The primary purpose of this study was to examine how the number and type of RW items affect the factor structure of the abbreviated 18-item NFC scale. Consistent with our hypotheses, for the original scale with both PW and RW items, the fit of the 1-factor model (i.e., Model 1) was poor, but the fit of the 2-factor models (i.e., Models 2–4) was reasonably good. In contrast, in the Positive and Reverse-I versions, the fit of the 1-factor model was reasonably good, and the fit of the 2-factor models was similar to that of the 1-factor model. Furthermore, the loadings on the NFC factor in the 1-factor model were lower for the original scale version than for the other versions, but the loadings on the method factor in the 2-factor models (i.e., Models 3 and 4) were much higher for the original version than for the other versions. Therefore, building on previous research, our findings lend further support to the idea that the RW items cause method effects and multidimensionality in the abbreviated NFC scale [12,16,18].
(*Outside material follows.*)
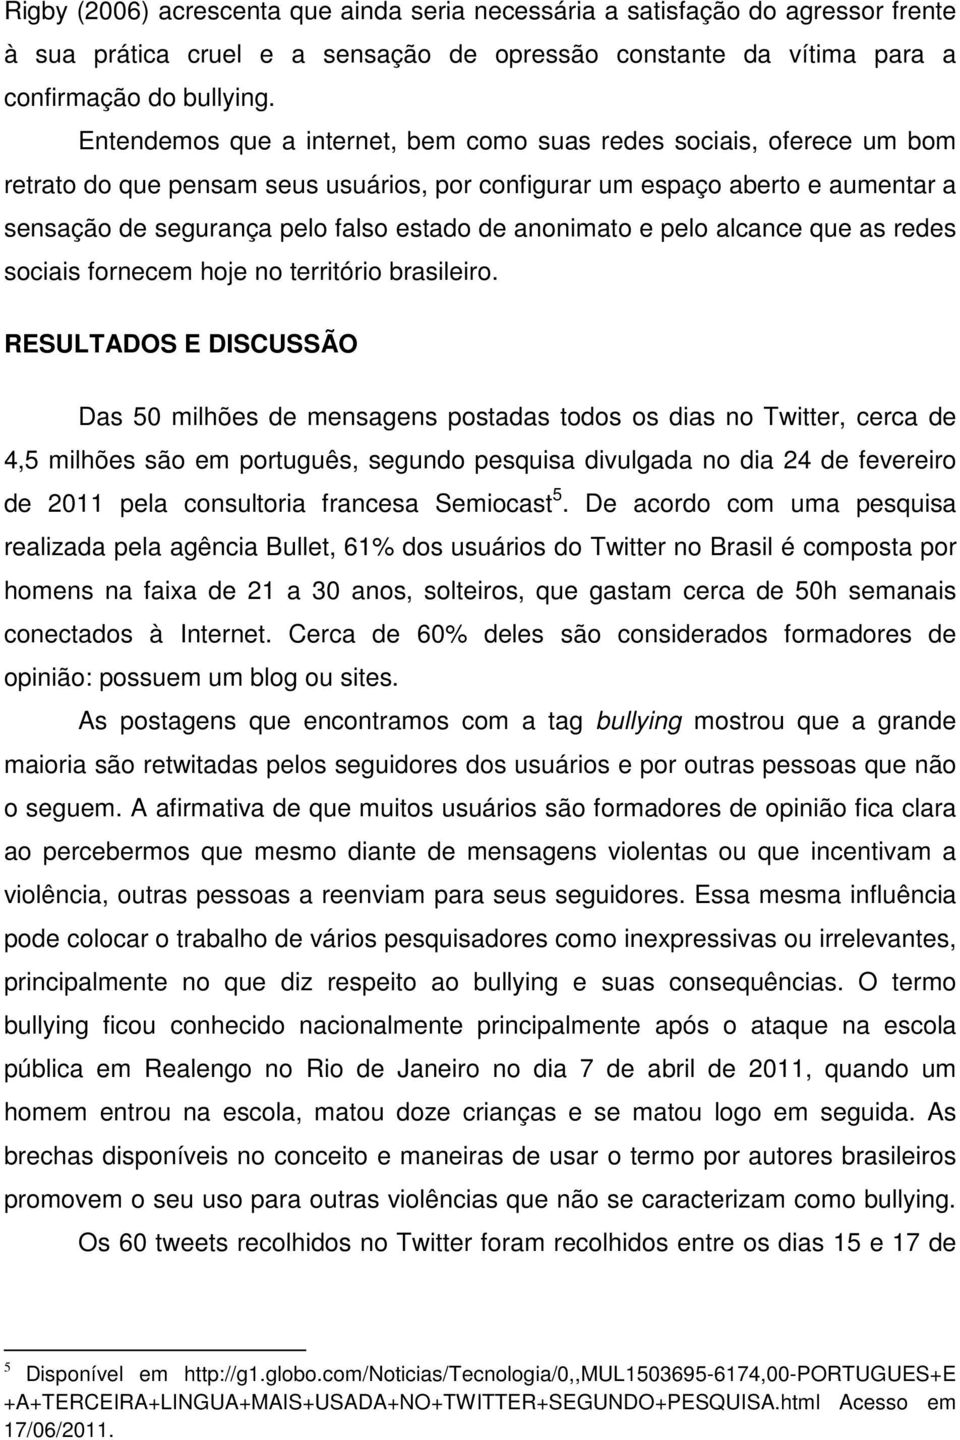 anonimato e pelo alcance que as redes sociais fornecem hoje no território brasileiro.

Our study has also found that when the scale contained different types of RW items (i.e., in the Reverse-II version), adding a method factor among the polar opposite items improved model fit considerably, relative to both the 1-factor model (Model 1) and the model with a method factor for negated RW items (Model 3). This finding suggests that the type of RW items may also affect the factor structure of the NFC scale. One possible explanation is that the cognitive processes for making inconsistent responses (i.e., agreeing with both PW and RW items) in the presence of polar opposite RW items are different from those in the presence of negated RW items. According to Weijters and Baumgartner [40], the main reason for inconsistent response in the presence of polar opposite items is that participants may not interpret the antonyms (or other phrases) used in the RW items as contradictory to the construct of interest, and thus may agree with both PW and RW items. For example, a participant may agree with both the items I like simple tasks and I like complex tasks because liking simple tasks does not necessarily imply not liking complex tasks. This problem of polar opposite RW item is called reversal ambiguity. Negated RW items do not have the problem of reversal ambiguity but they may cause careless responding or judgmental difficulty for some participants. In the presence of negated items, participants may miss the presence of a negative particle in the item (e.g., misread I am not happy as I am happy), making errors due to carelessness [7]. Participants may also find it difficult to assess their level of agreement when the item contains a negation [8,40]. In other words, a negated item makes it more difficult for the participant to judge whether the item content is consistent with the participant’s own beliefs (see [8] for a detailed explanation). When a scale contains both polar opposite and negated RW items, some participants may make inconsistent response due to the reversal ambiguity of the polar opposite items whereas others may make inconsistent response due to the judgmental difficulty of or careless responding to the negated items; as a consequence, method effects due to the types of RW items will emerge.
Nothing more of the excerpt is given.